Is there any simple necessary and sufficient condition? or can we find a simple but stronger necessary condition? or is the above necessary condition in fact sufficient? Thanks.

x10000year
  • 43
  • Why is the condition you gave not sufficient? Do you have a counterexample? – John Wiltshire-Gordon Sep 28 '11 at 22:03
  • I don't know. Since I can't prove it, I can't say that is sufficient. Do you know any proof?

    I think if the necessary condition is sufficed, then there exists a d-D joint distribution probably with some negative entries that are consistent with all given k-D joint distributions. But I don't know whether we can always find out a d-D joint distribution with all non-negative entries.

     – x10000year Sep 29 '11 at 05:14
  • Try checking the simplest possible nontrivial case. d=3, k=2, all distributions are on ${0,1|]$. – Will Sawin Sep 29 '11 at 05:56
  • 1
    For $k=2$ then you need the covariance matrix to be positive semidefinite. This is not guaranteed just by having the one dimensional distributions being consistent. – George Lowther Sep 29 '11 at 06:46
  • To obtain a necessary and sufficient condition, I think you just need to apply the separating hyperplane (Hahn-Banach) theorem. – George Lowther Sep 29 '11 at 06:48
  • Doing so, you get the necessary and sufficient condition, for all $f_1,\ldots,f_m\colon\mathbb{R}^d\to\mathbb{R}$ each just depending on $k$ variables, there exists $x\in\mathbb{R}^d$ with $\sum_i(f_i(x)-\mathbb{E}[f_i(X)])\ge0$. Could do with simplifying though. – George Lowther Sep 29 '11 at 07:06
  • Actually, this question is interesting from the point of view of quantum mechanics, where the k dimensional subspaces correspond to commuting sets of observables (so jointly observable). Therefore, Bell's inequality is one example of a necessary condition - and the fact that it is violated in some quantum systems demonstrates the necessity. – George Lowther Sep 29 '11 at 10:44

1 Answers1

1

I asked myself the very same question some time ago. First, let me show that the obvious necessary condition is not sufficient.

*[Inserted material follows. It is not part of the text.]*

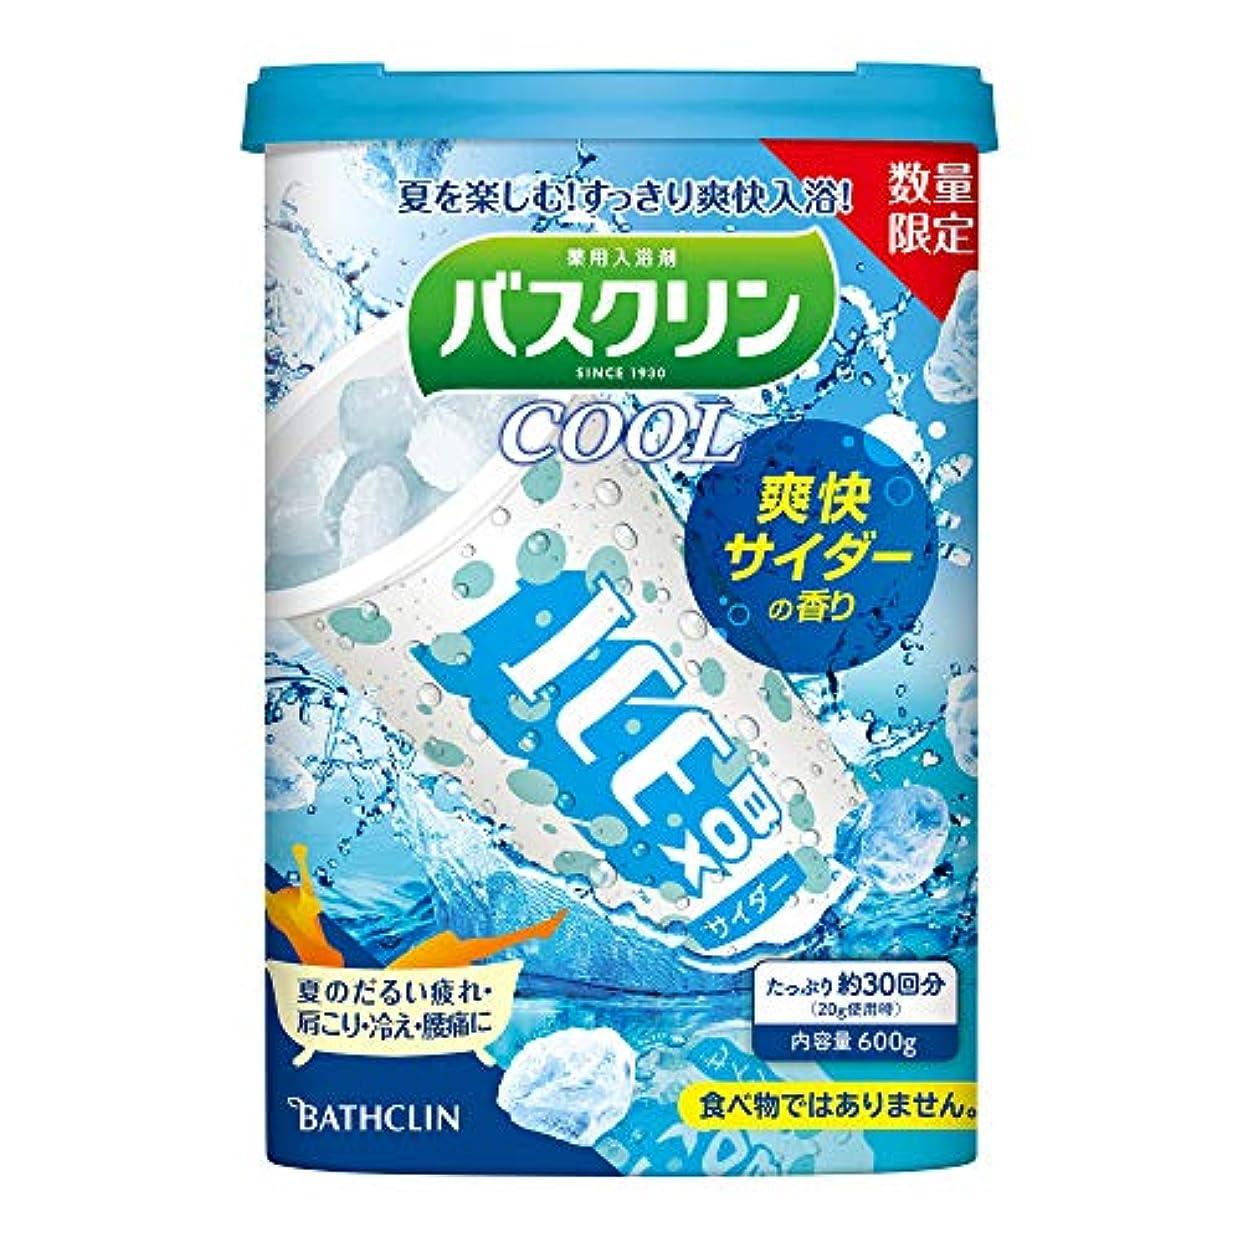 植物学アルコーブ雄大な【医薬部外品/数量限定品】バスクリンクール入浴剤 ICEBOX爽快サイダーの香り 600g(約30回分) クール入浴剤 すっきりさわやか

Let $X_1,Y_1,Y_2,Z_2,Z_3,X_3$, be six random variables having the same non-deterministic law such that: $X_1=Y_1$, $Y_2=Z_2$ and $(Z_3,X_3)$ are independent. Then there cannot exist $(X,Y,Z)$ such that $(X,Y)\sim (X_1,Y_1)$, $(Y,Z)\sim (Y_2,Z_2)$ and $(Z,X)\sim (Z_3,X_3)$.

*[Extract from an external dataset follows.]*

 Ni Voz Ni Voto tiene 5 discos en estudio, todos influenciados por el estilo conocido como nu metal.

Now, there is a condition that, added to the sub-dimensional joint law correspondence is sufficient for feasability. It is written in a short note http://www-fourier.ujf-grenoble.fr/~bkloeckn/papiers/compatibility.pdf on my web page in the case of three variables; the full condition is stated and proved by Hans G. Kellerer. in Verteilungsfunktionen mit gegebenen Marginalverteilungen. (Z. Wahrscheinlichkeitstheorie und Verw. Gebiete, 3:247–270 (1964), 1964.). Note if you do not recognize the name of the journal that its the former name of PTRF (Probability Theory and Related Fields). I do not know a reference in english, but you can have a look at the MR review of that paper.

Benoît Kloeckner
  • 14,198